SPY has fallen to the 200-day EMA (support) with QQQ trading just a hair above its 200-day EMA, a key level watched by many traders that often contains pullbacks during bullish trends & triggers more powerful selloffs when taken out during corrections. While intraday breaks, as well as brief 1-2 day dips below, are not unusual, if/when the 200-ema clearly gives way, the further SPY & QQQ drops below those levels, the lower the odds of a whipsaw (false breakdown) signal. As such, this is a key battleground for bulls & bears. SPY & QQQ daily charts below.
Another takeaway from this would be the fact that adding to shorts with SPY & QQQ on or very near their 200-day EMA is not very objective as trading 101 say that you either buy drops to support, cover shorts at drops to support or wait for support to be broken before initiating or adding to shorts. At the same time SPY hit the 200-day EMA, I has posted (about an hour ago) that it has also fallen to the uptrend line generated off of the bottom of the August trading range on the 60-minute chart below, stating that at least a minor bounce was likely.
At the same time we have the indexes falling to those important 200-day EMA supports, we also have /GC gold rallying into the 1512resistance level as well as /SI hitting & crossing slightly above the 17.655 resistance level, which was highlighted as the 2nd price target early yesterday after reversing off the 16.942 support & while breaking out above the 60-minute downtrend line (2nd chart below).

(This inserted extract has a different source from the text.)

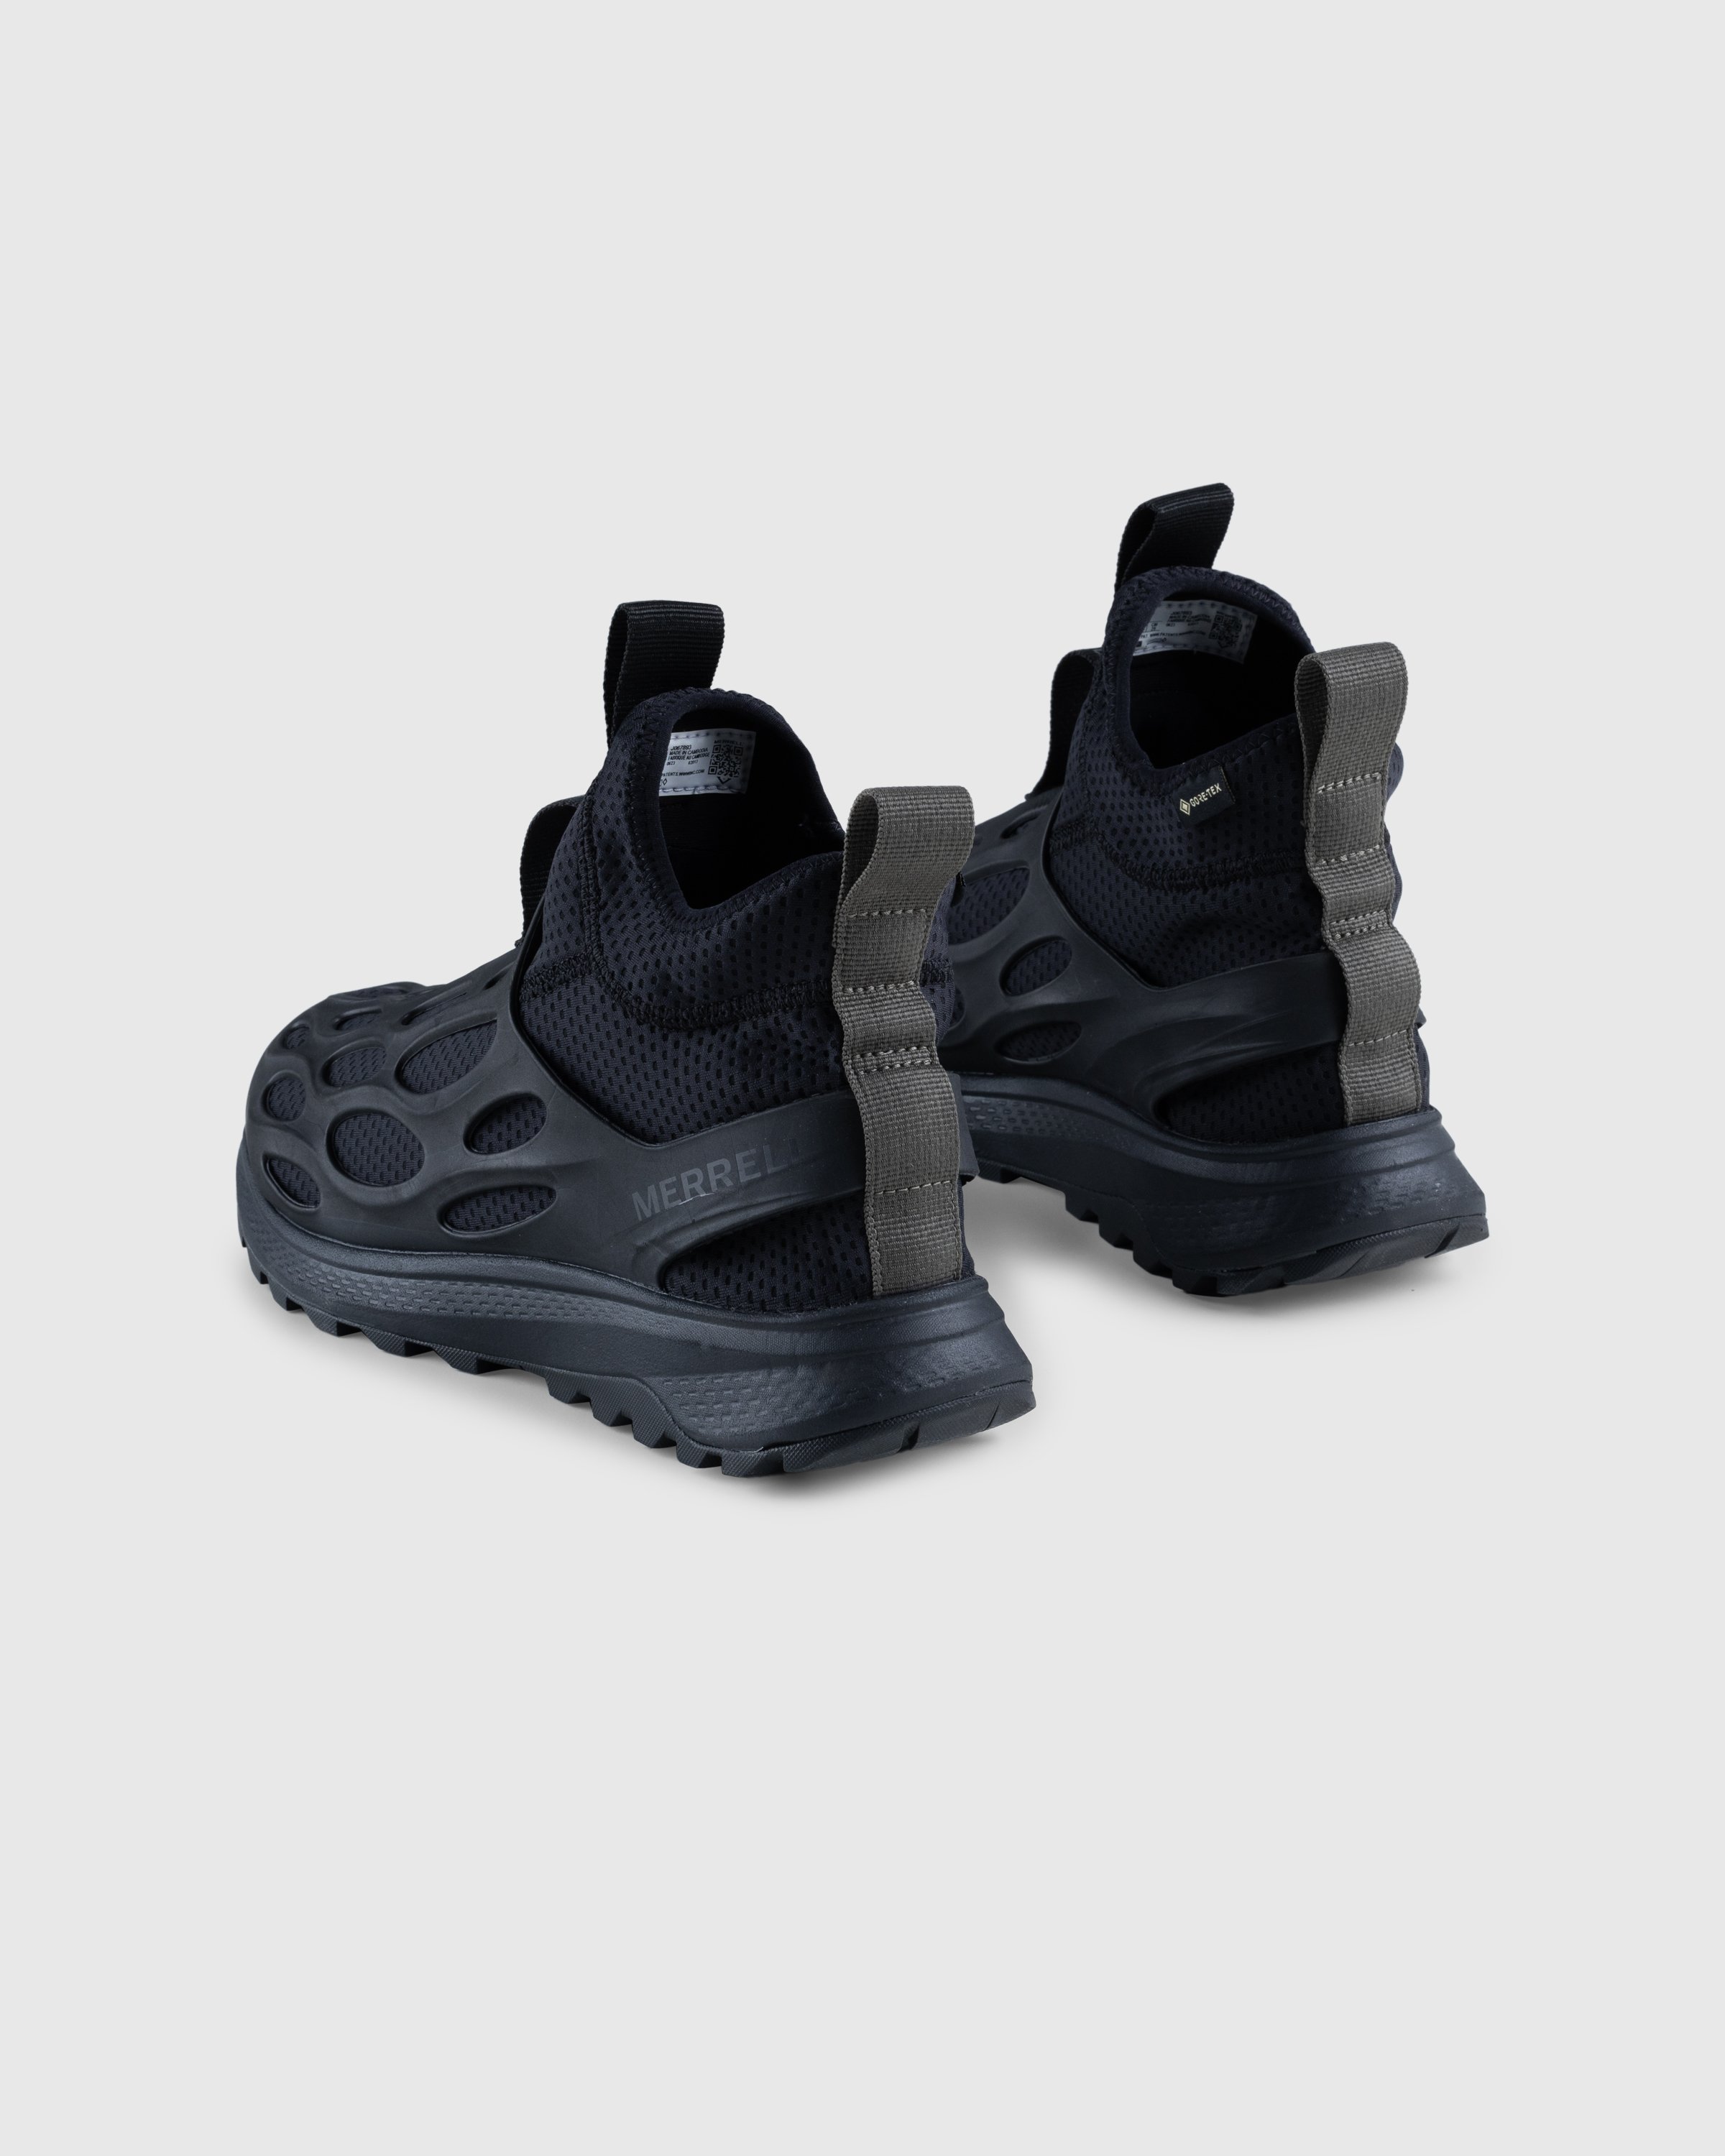 Merrell - Hydro Runner Mid GORE-TEX Black - Footwear - Black - Image 4

Bottom line: The odds for a bounce in the stock market & pullback in the precious metals are substantially elevated at this time so one might opt to either tighten stops on index shorts & gold/silver longs or book profits & wait for the next objective entry such as a bounce back to resistance or impulsive break below today’s lows on SPY & QQQ and/or pullbacks to support in gold & silver (ideally aligned the charts/levels on the stock indexes with those of the precious metals).